The CEO of Hawkins Inc. calls the $157 million acquisition of Stauber Performance Ingredients “transformational for us.”
Patrick Hawkins said Monday that Hawkins has been hit by pricing pressure from some customers, who are seeing flat to declining sales. In contrast, Stauber’s customer base is growing dramatically and offers Hawkins “good synergies.”
“We are excited about this,” he said.
The deal, announced on Monday, is the largest purchase in Hawkins’ history. Stauber is well known for quality dry blending and chemical distribution services aimed at nutritional, food, pharmaceutical, cosmetic and pet product makers — industries in which Hawkins is a minor player.
Roseville-based Hawkins is better known for its liquid wastewater treatment chemicals, crop fertilizers and industrial and food/dairy chemicals.

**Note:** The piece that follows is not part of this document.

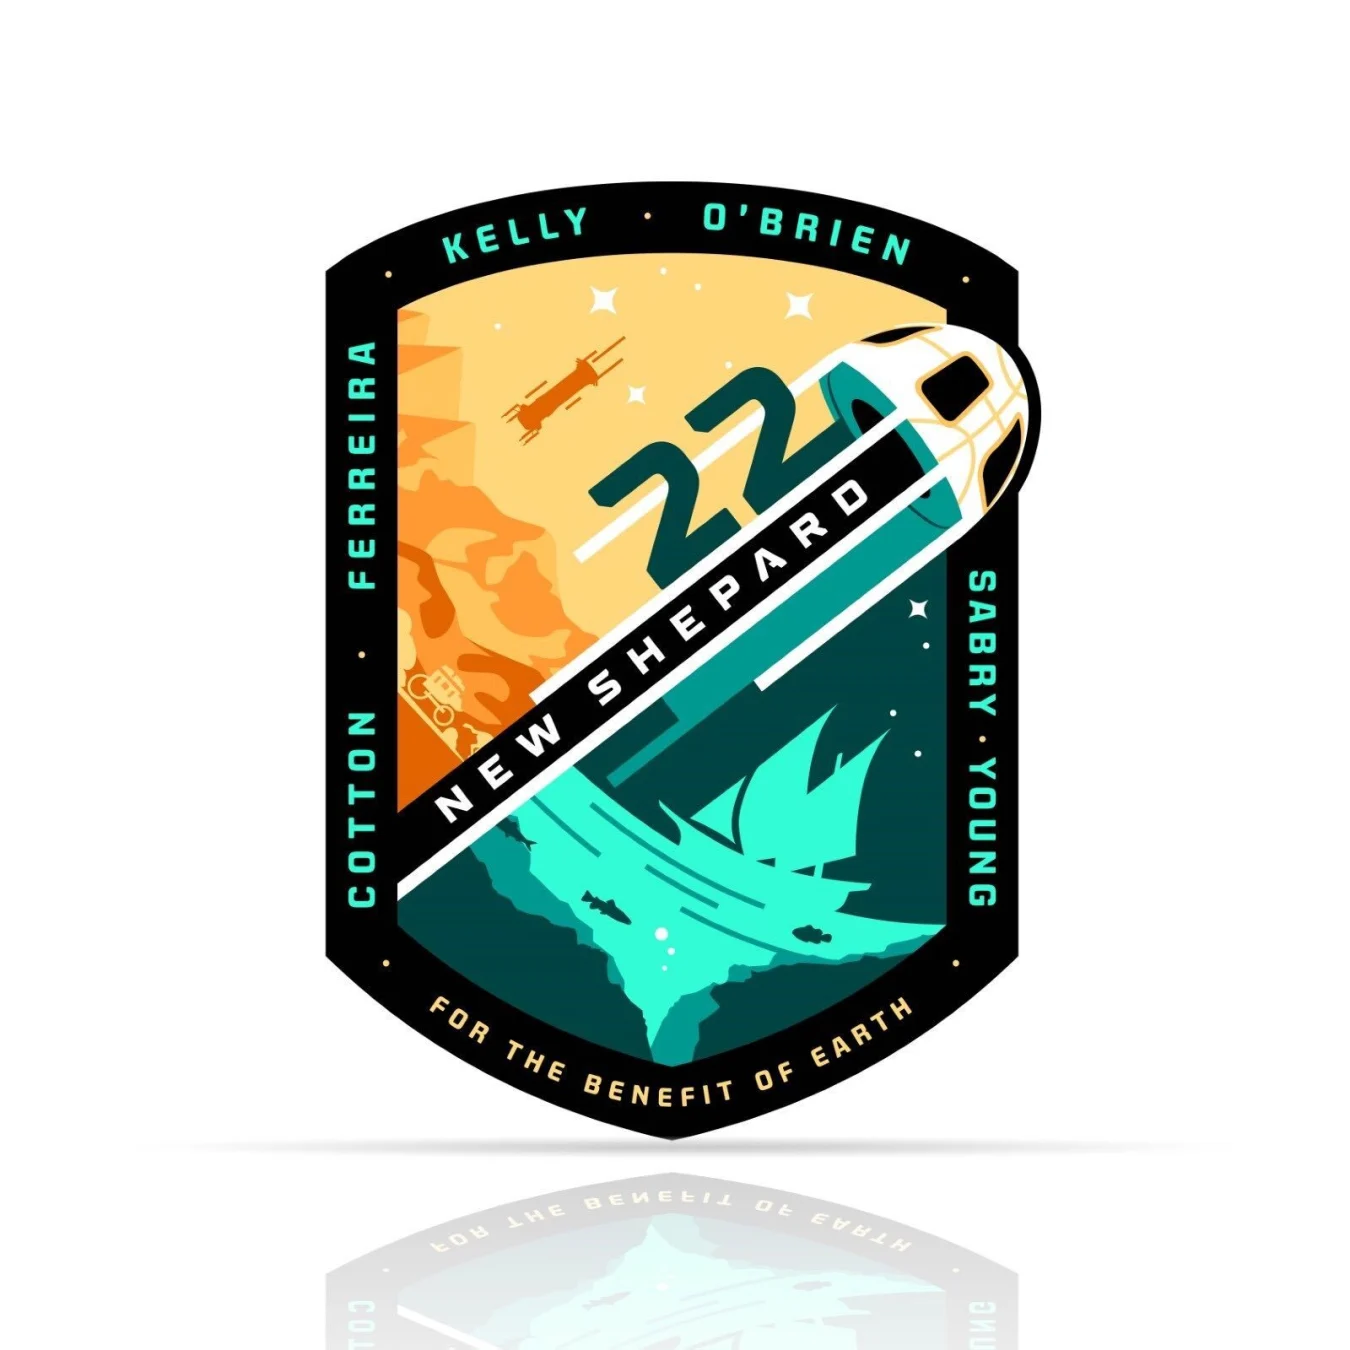 Mission patch for New Shepard's NS-22 mission.  It features symbols including: The Pyramids of Egypt represent Sara Sabry's legacy and celebrate her achievement as the country's first astronaut.  The Mariana Trench represents Vanessa O'Brien's feat of reaching the Challenger Deep, Earth's deepest point.  The flight case is depicted as a basketball, symbolizing Dude Perfect's trick shots and Coby Cotton's role in co-founding the company.  Magellan's ship represents Mário Ferreira's Portuguese heritage and lifelong passion for adventure.  The fish swimming beneath Magellan's ship represent Steve Young's passion for fishing.  The carriage represents Clint Kelly III's desire for humanity to reach new frontiers of space.  The new Shepard booster and the West Texas Mountains are also featured in the patch.

With Stauber on board, Hawkins gains $117 million in annual revenue and 160 employees mostly in New York and California. Combined, the new Hawkins Inc. will have about $500 million in sales and 630 employees.
Hawkins Inc., founded in 1938 by Patrick Hawkins’ grandfather, exports some goods to Europe and Canada, but is mostly a domestic distribution firm with 41 warehouses in the Midwest. About one-third of the business involves chemical blending and manufacturing. With Stauber, which only deals in distribution, the manufacturing arm will drop to about 25 percent of the combined business.
Stauber CEO Dan Stauber said he is “delighted to be involved in setting the strategic direction for the combined entities.” He will be active identifying opportunities and resources that can be leveraged within the larger organization,” he said.